● PROVIDED DATA:
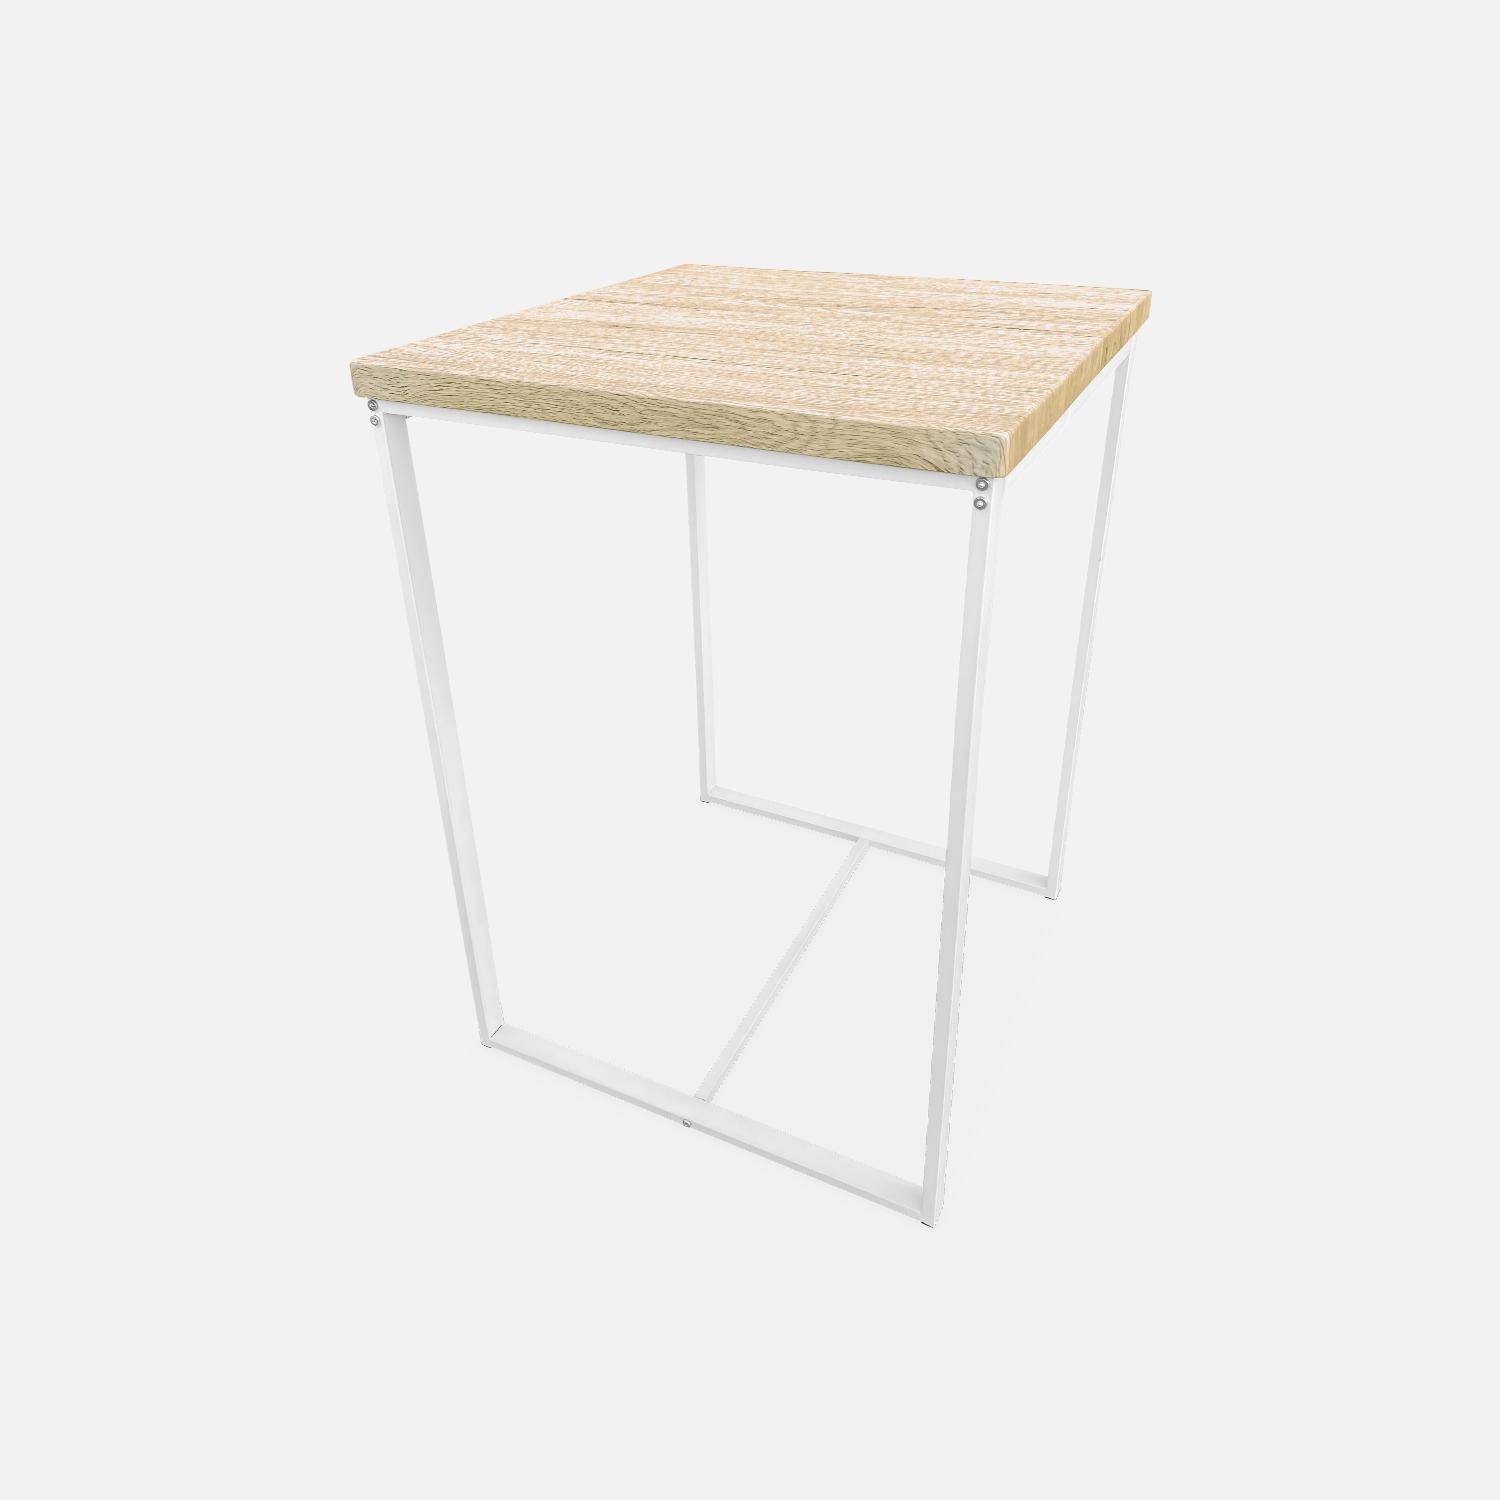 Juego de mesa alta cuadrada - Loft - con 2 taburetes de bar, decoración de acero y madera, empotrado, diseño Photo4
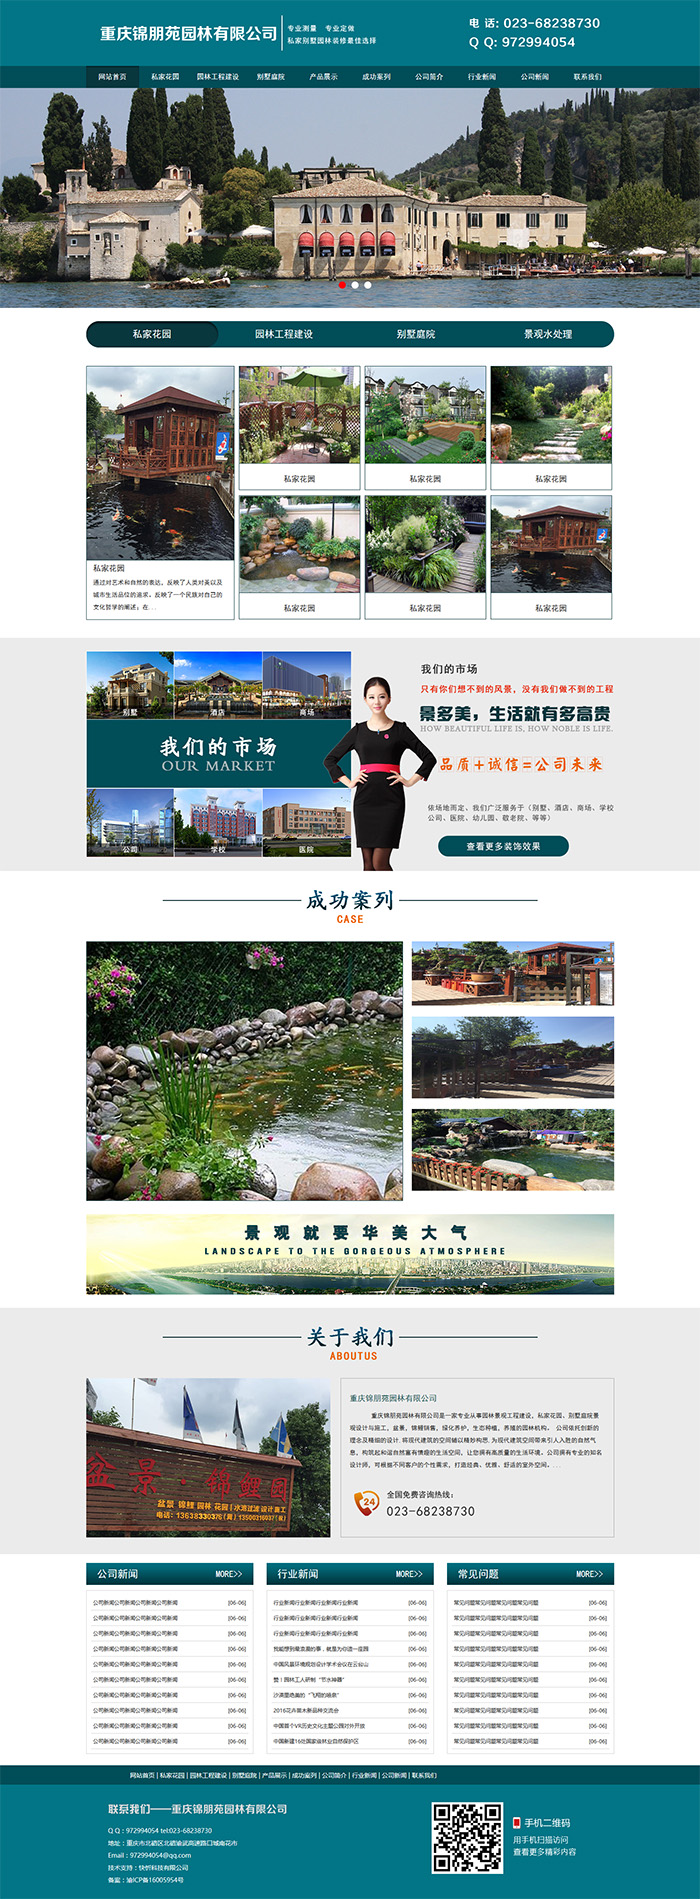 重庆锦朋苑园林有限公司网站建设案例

--

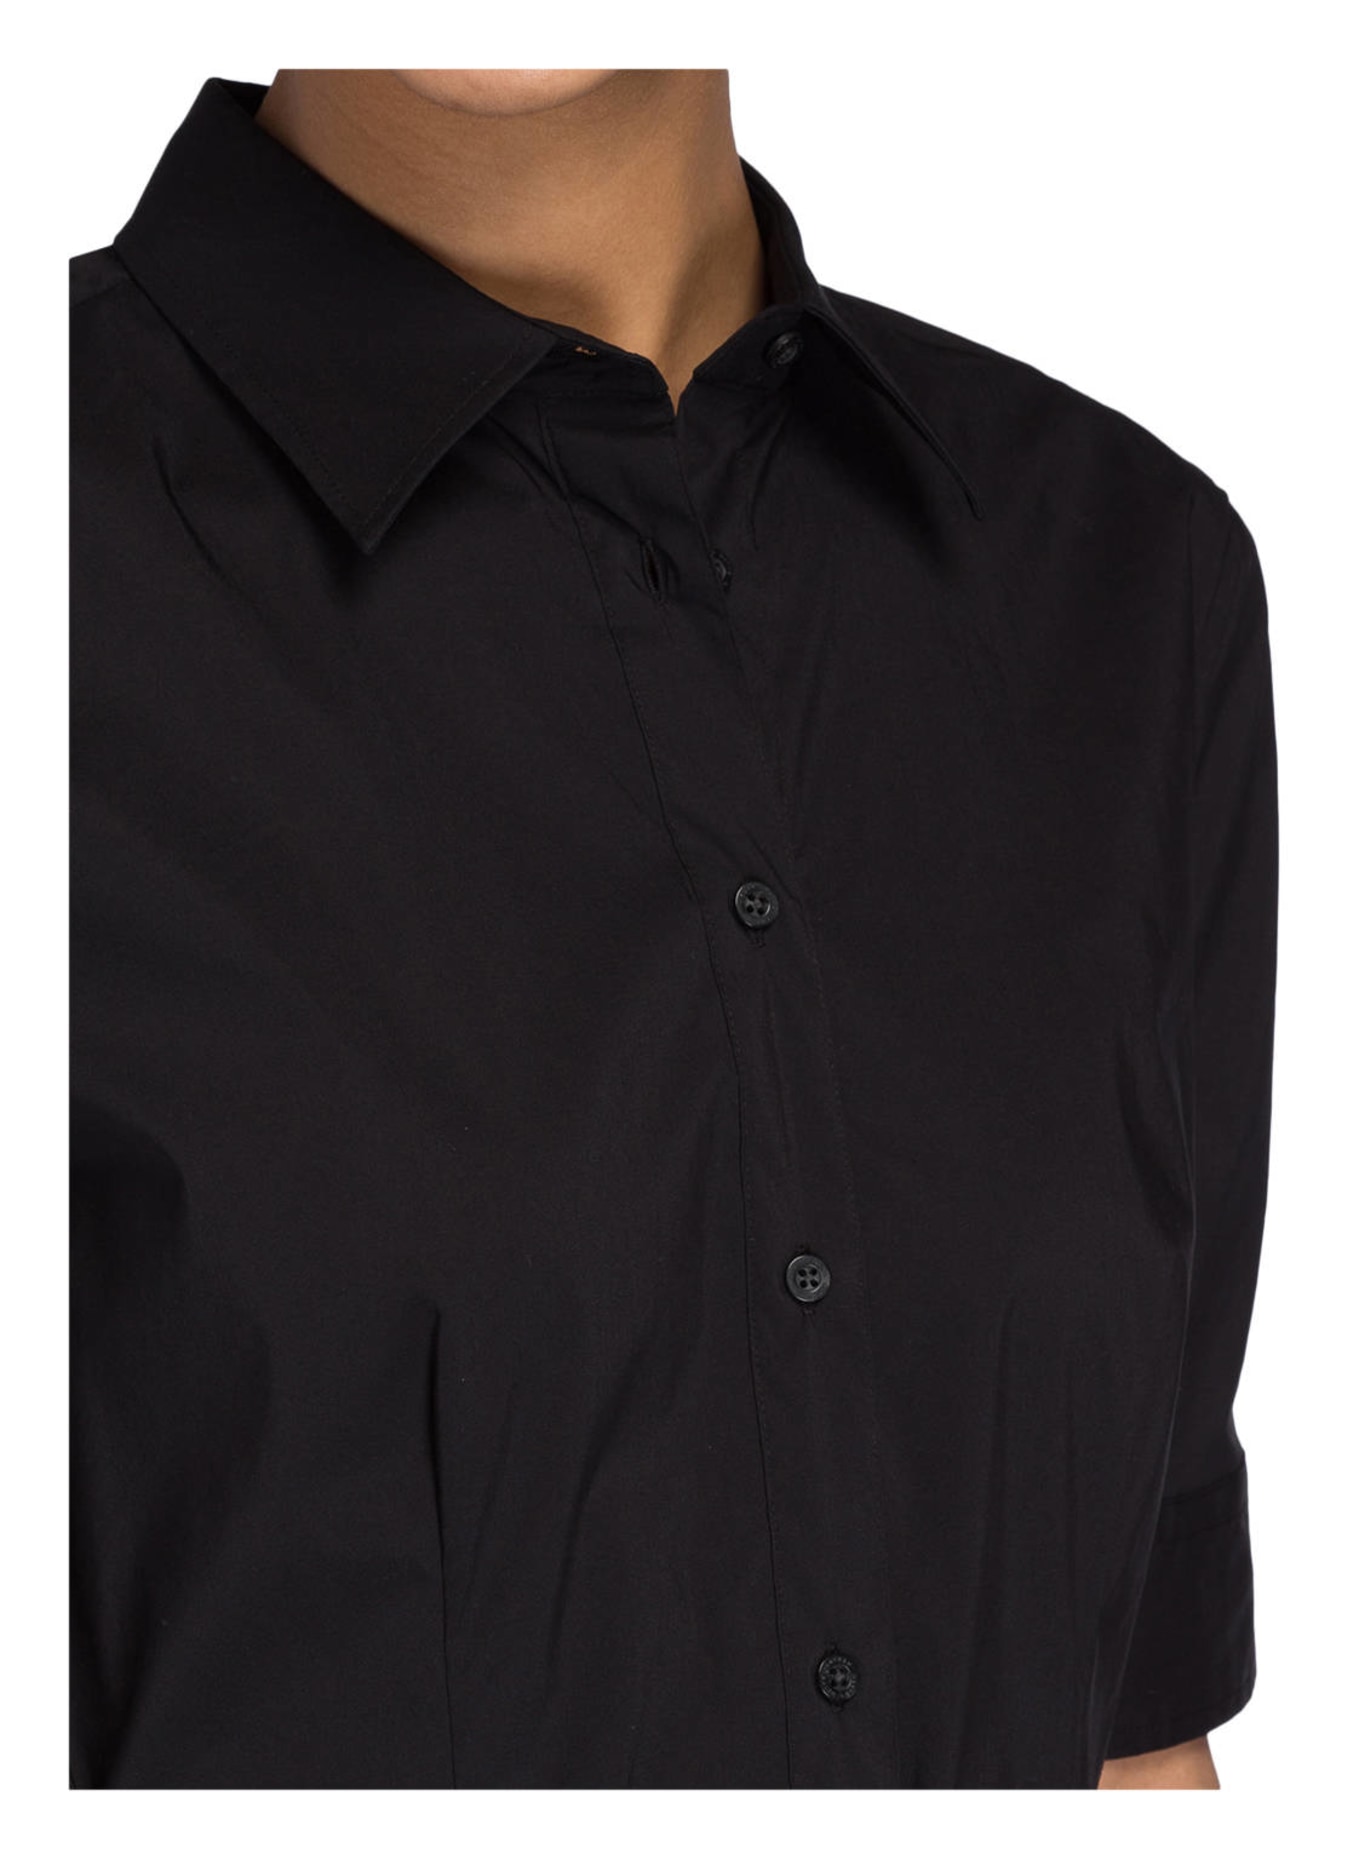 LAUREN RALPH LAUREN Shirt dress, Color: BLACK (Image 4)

● DESCRIPTION OF THE TASK:
Reproduce exactly, with no pictures, the lines above from the one holding "Juego de mesa" to the one holding "重庆锦朋苑园林有限公司网站建设案例", inclusive.

● ANSWER FOR THIS EXERCISE:
 Juego de mesa alta cuadrada - Loft - con 2 taburetes de bar, decoración de acero y madera, empotrado, diseño Photo4
 重庆锦朋苑园林有限公司网站建设案例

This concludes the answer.